Data section>
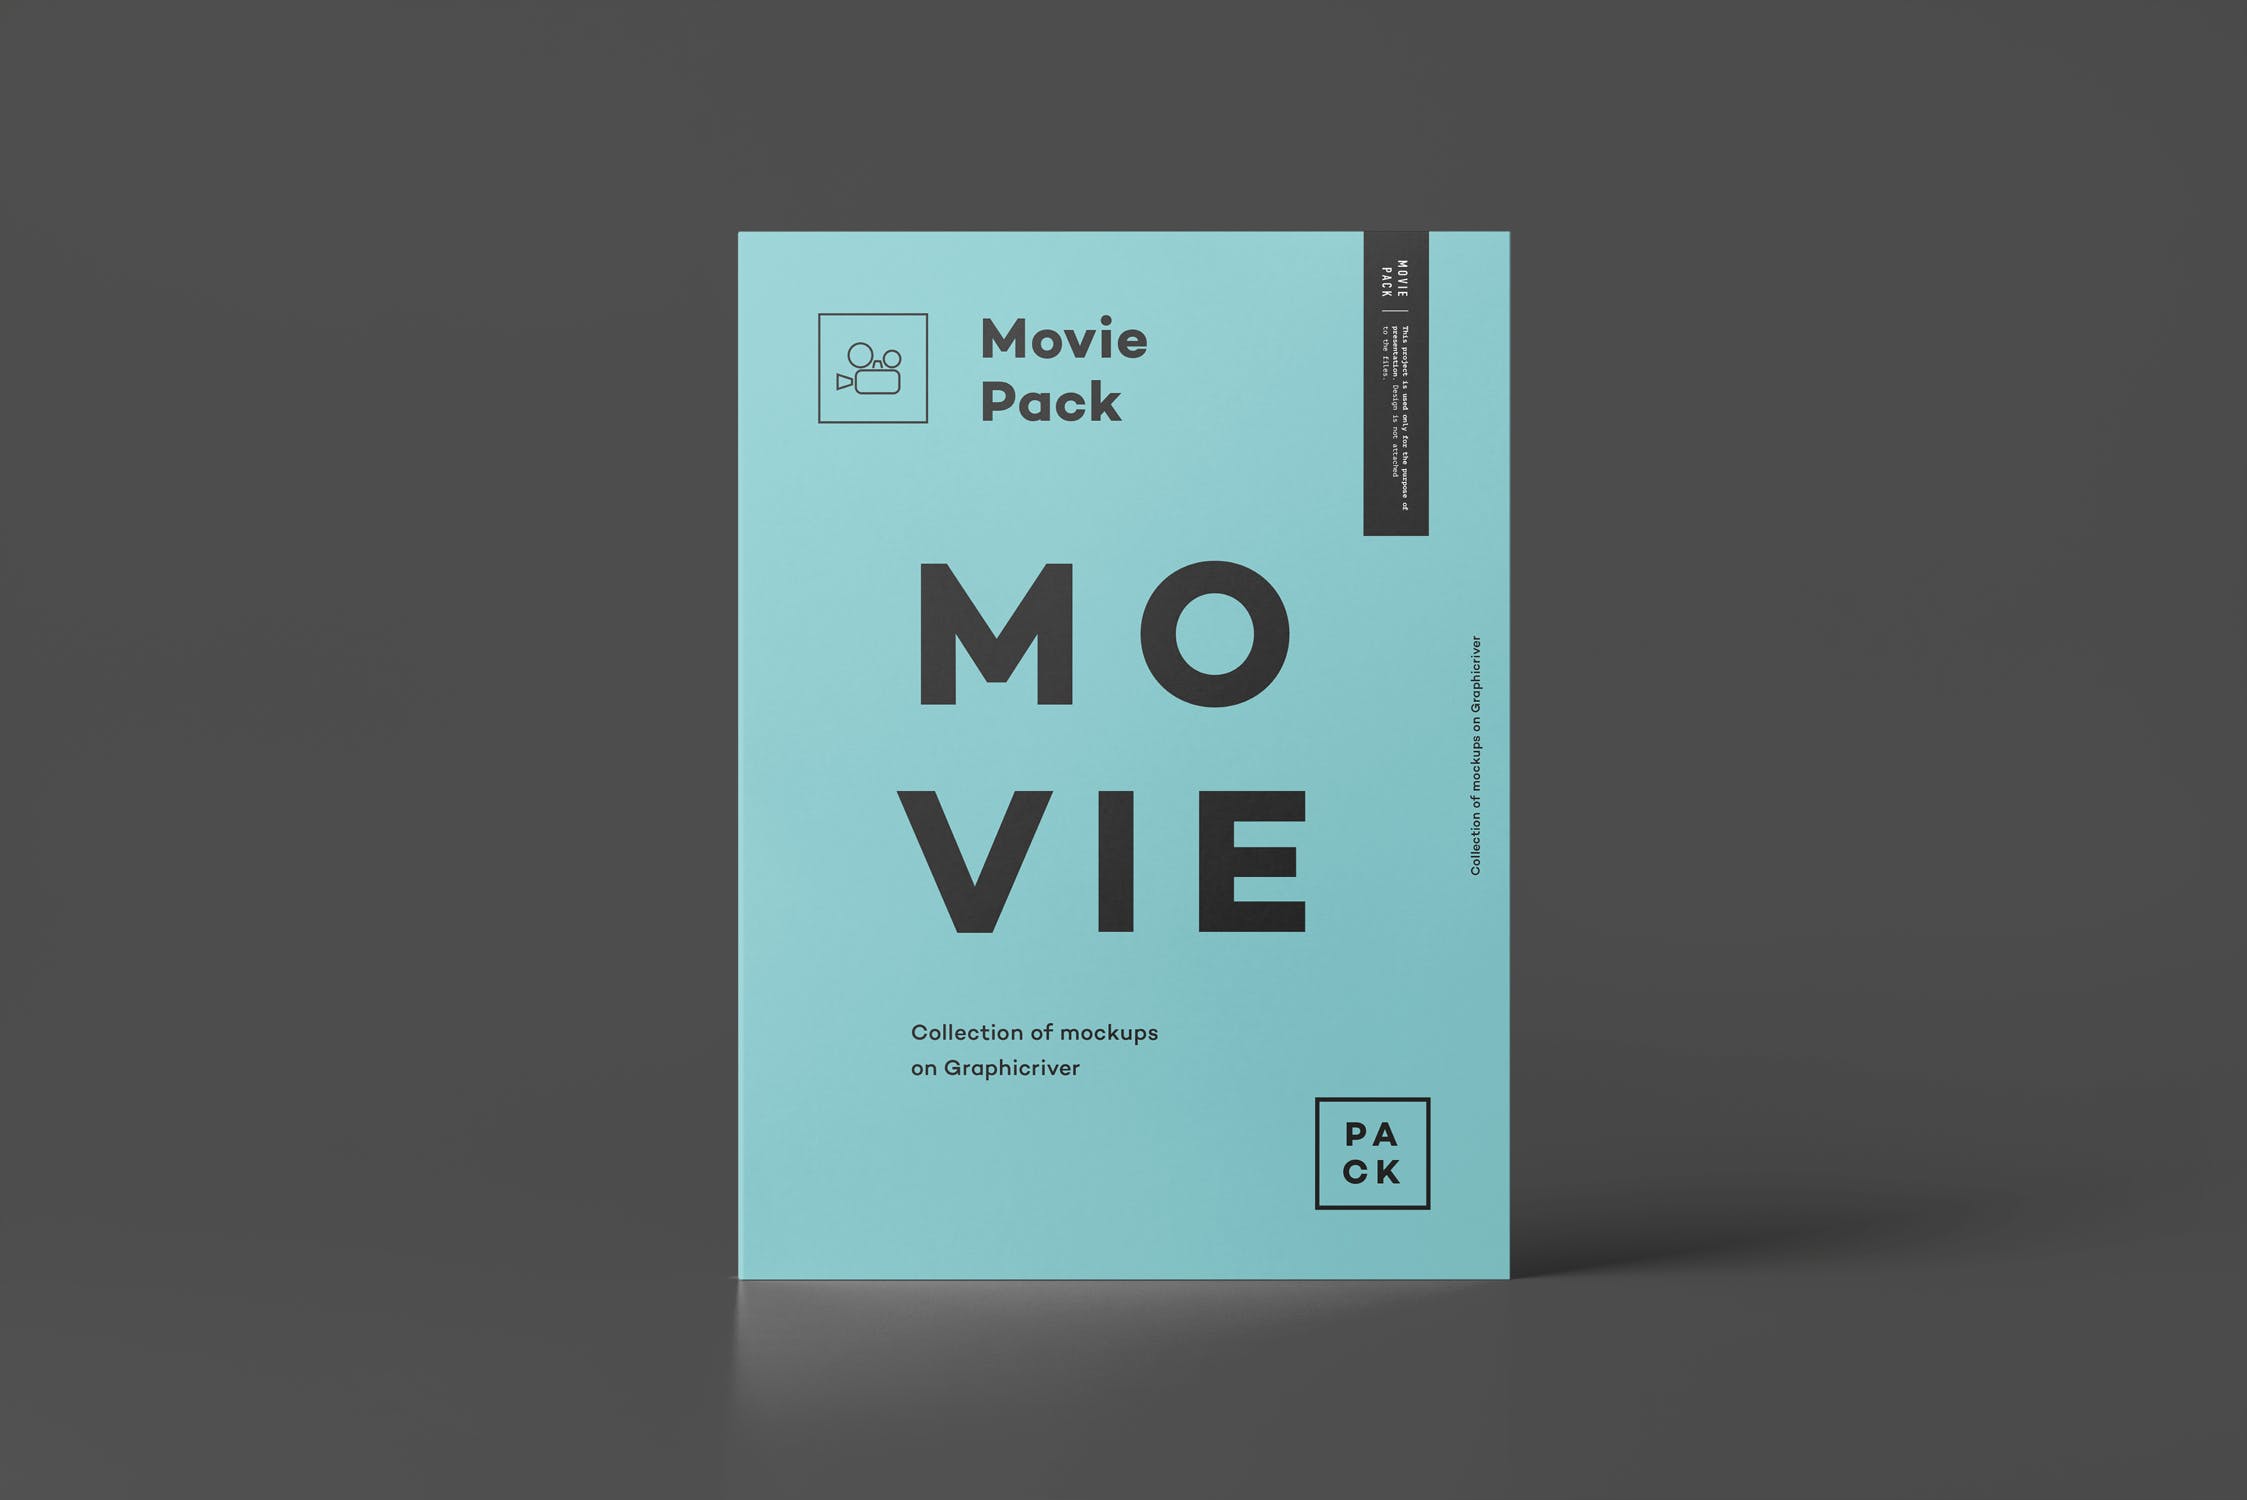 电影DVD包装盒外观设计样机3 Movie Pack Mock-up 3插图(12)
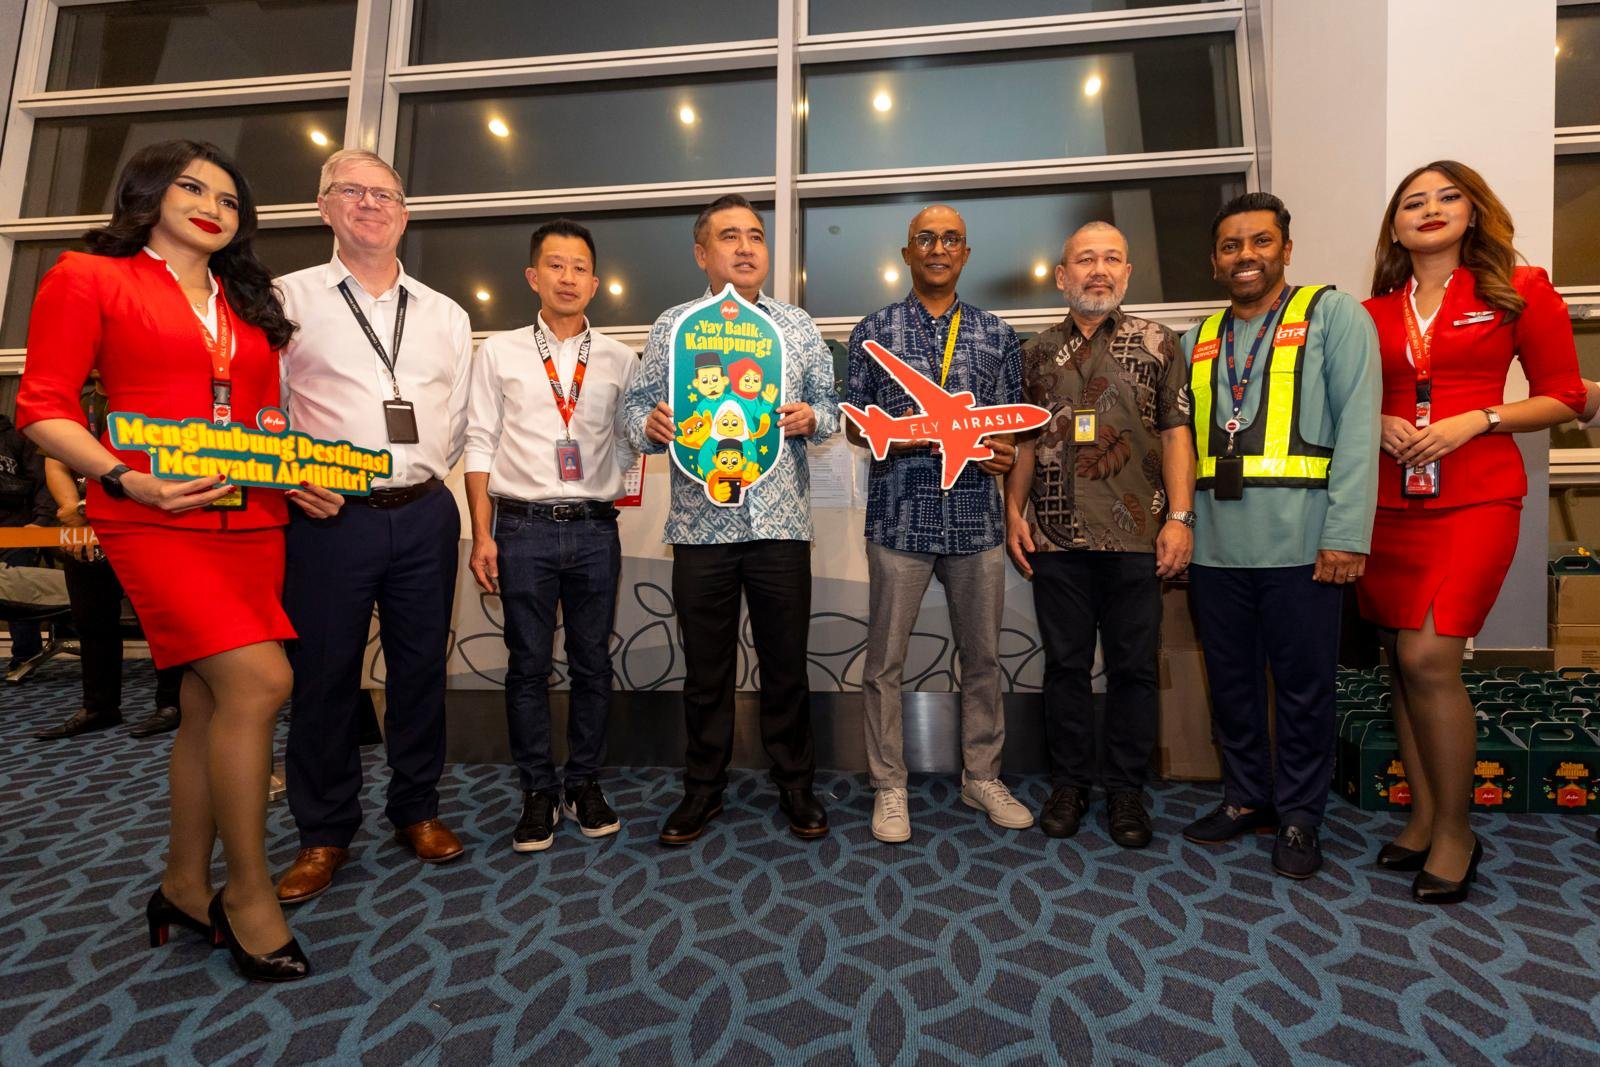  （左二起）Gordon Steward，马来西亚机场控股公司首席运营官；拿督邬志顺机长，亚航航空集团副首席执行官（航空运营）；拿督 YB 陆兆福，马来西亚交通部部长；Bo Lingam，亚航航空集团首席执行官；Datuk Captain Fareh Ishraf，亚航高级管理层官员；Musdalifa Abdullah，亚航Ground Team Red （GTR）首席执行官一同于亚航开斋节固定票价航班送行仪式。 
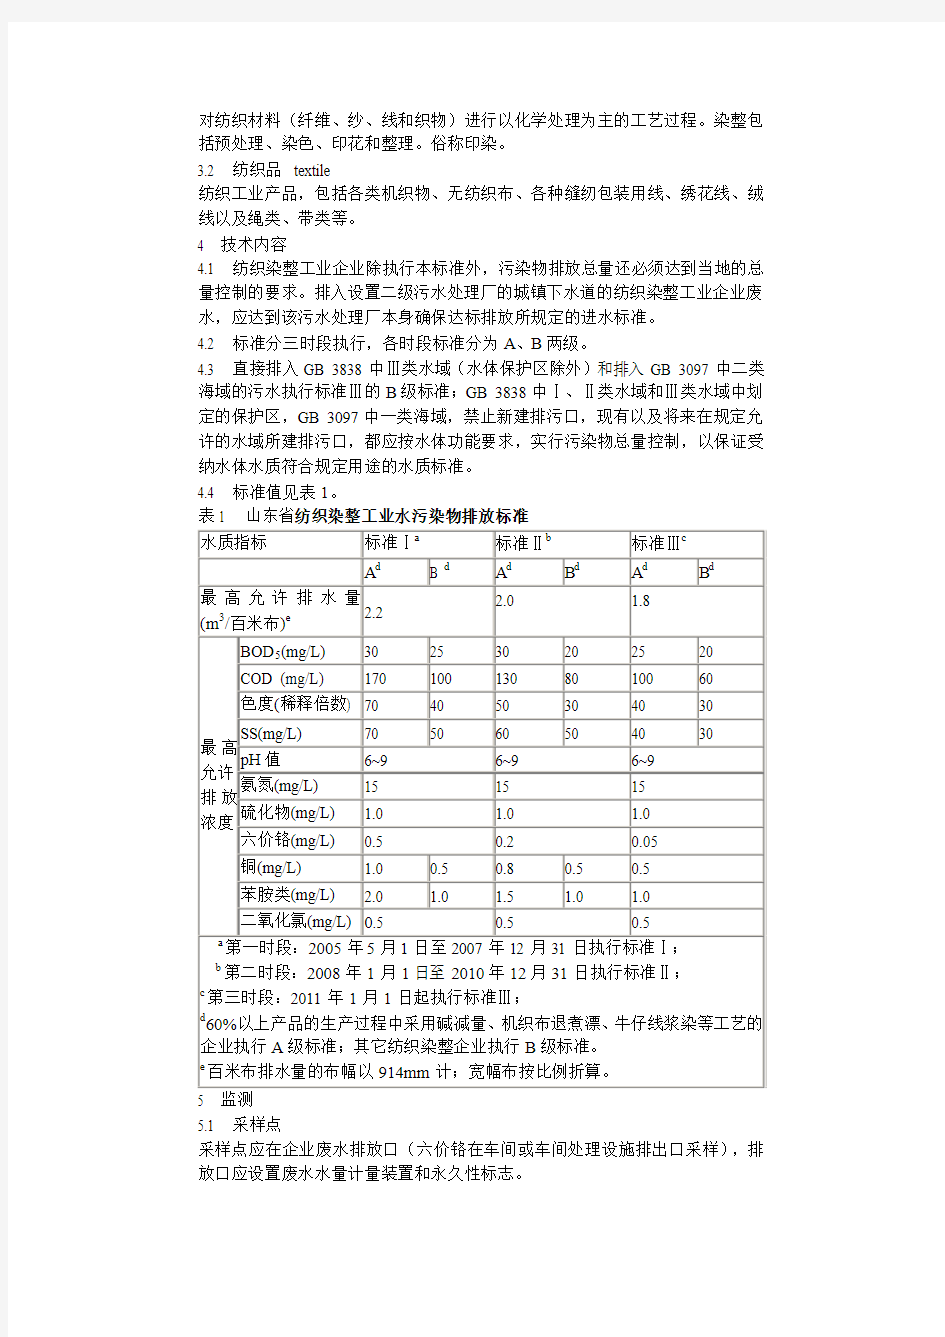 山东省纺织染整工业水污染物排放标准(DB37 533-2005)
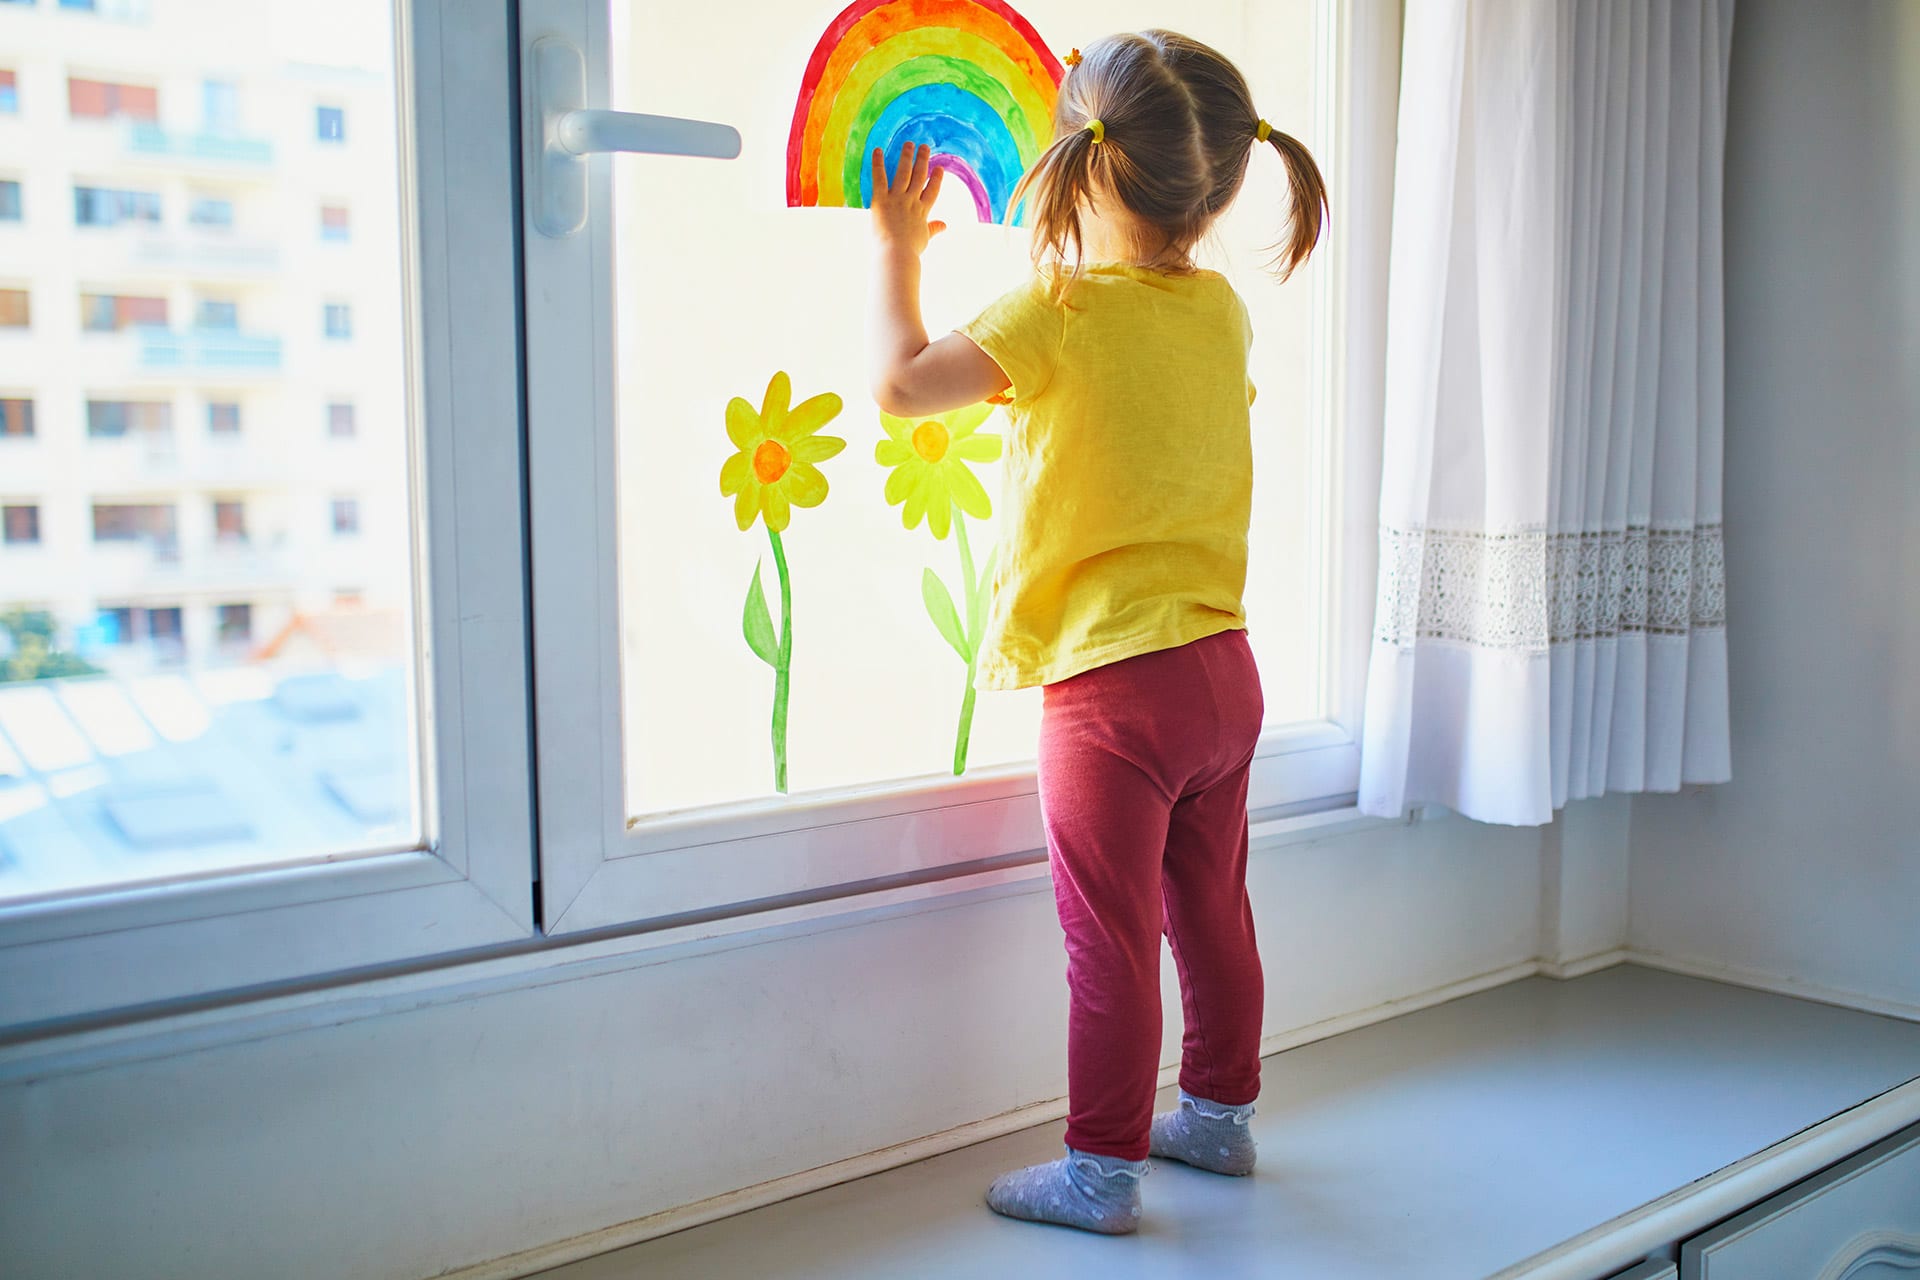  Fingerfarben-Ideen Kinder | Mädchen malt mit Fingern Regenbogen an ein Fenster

Problem requirements>
Please reproduce, exactly and only, the lines from the line containing "山东省纺织染整工业水污染物排放标准(DB37 533-2005)" through the last line of the material above, minus any pictures.

Your solution>
 山东省纺织染整工业水污染物排放标准(DB37 533-2005)
  Fingerfarben-Ideen Kinder | Mädchen malt mit Fingern Regenbogen an ein Fenster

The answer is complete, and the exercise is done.